What year is The Future now?
ThoughtsI can hear the faint sound of The Smiths asking How Soon is Now in relation to the title of this post. I used to think some of their music was interesting, but insufferable hipsters and Morrisey ruined them for me. But I digress.
Beyond 2000 was one of the first shows I remember watching as a kid. It detailed all the new inventions and live improvements we’d have by the turn of the new millennium, including fusion power and self-driving cars. Gateway 2000 wanted to sell us futuristic computers before they pivoted to those awesome cow boxes.
And say, remember The New Millennium? Microsoft went as far as to break from their year-based nomenclature and called Windows 98 Third Edition Windows Millennium Edition instead, given Windows 2000 wasn’t the unifying OS they expected it would be. Is it a coincidence that Windows 2000 had the best UI before and since of any Microsoft OS? I think not.
The year 2000 was a big deal for obvious reasons, but its passing lead futurists, politicians, and planners to pin their hopes on a new one. When I lived in Singapore, I remember going across the Causeway (or the Tuas Second Link!) and seeing the billboards for the Malaysian Government’s bold Wawasan 2020 plan. I’m sure they had no idea how right they were about needing rapid development and world-class healthcare to combat a changing landscape.
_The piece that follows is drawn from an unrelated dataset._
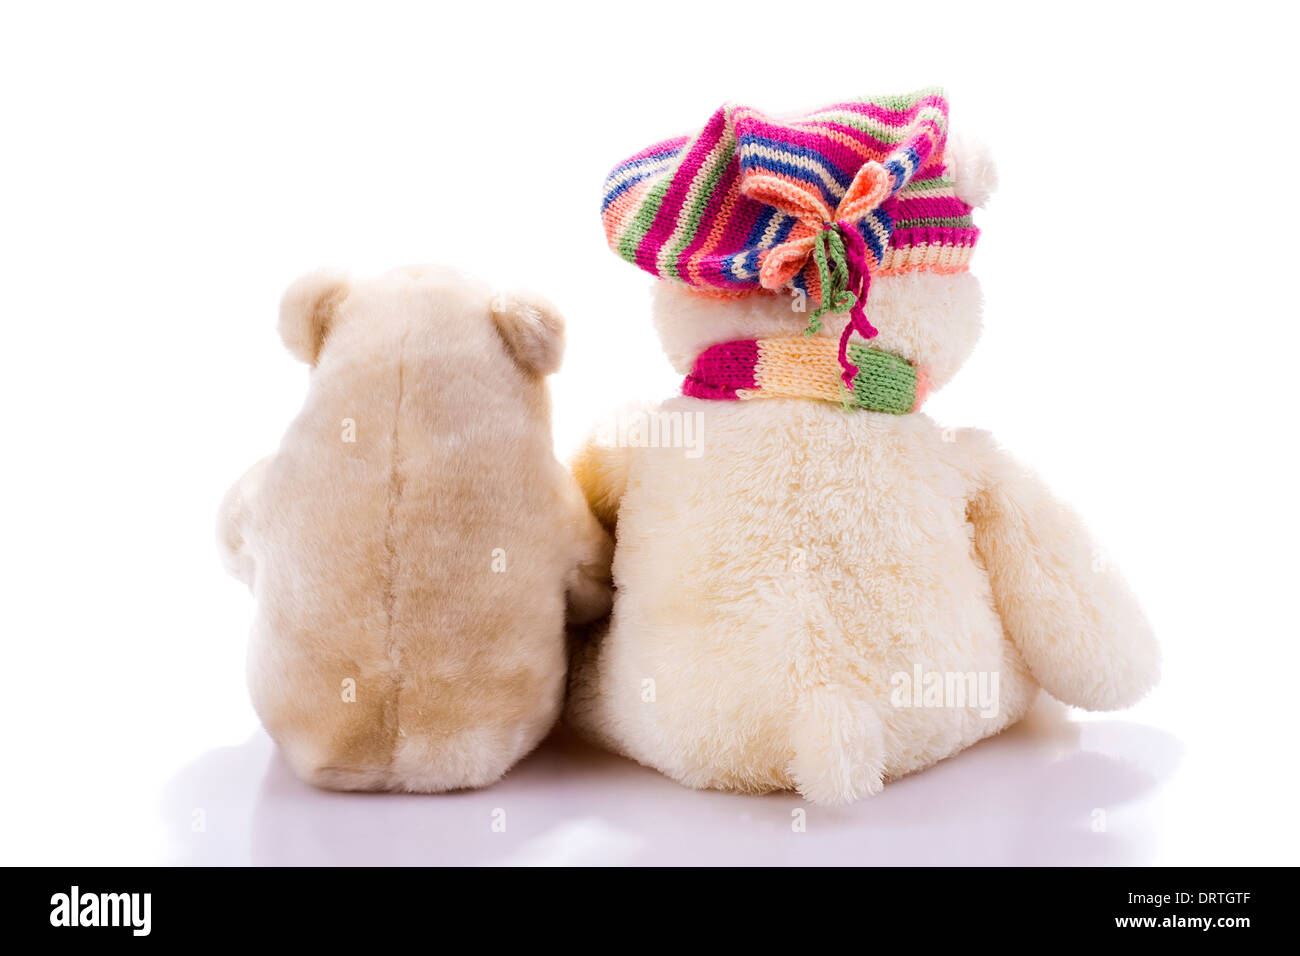 Couple of toy teddy bears from back isolated on white Stock Photo

Now that 2020 has faded into memory, with the collective middle fingers of the world squarely aimed at it, what year is the future now?
I’ve seen a few discussions about 2030, but it doesn’t have the same satisfying repetition. 2036 2038 (thanks Peter Molnar!) will be another Y2K moment when the 32-bit timestamps used by older Unix and NTP roll over, but I doubt it’ll generate the same fervour as the former. 2048 would be a fun number for computer nerds, but likely few others.
2050 seems to be the new darling. It’s what governments around the world are pinning their reductions in carbon to, despite it long being too late. 2100 nay gets a mention at all, which surprises me.
Personally, I’m pinning my hopes on 2024, when we can all travel and see each other again. Clara and I have wanted to tick off Nagoya, Hiroshima, Taipei, and Boston for years!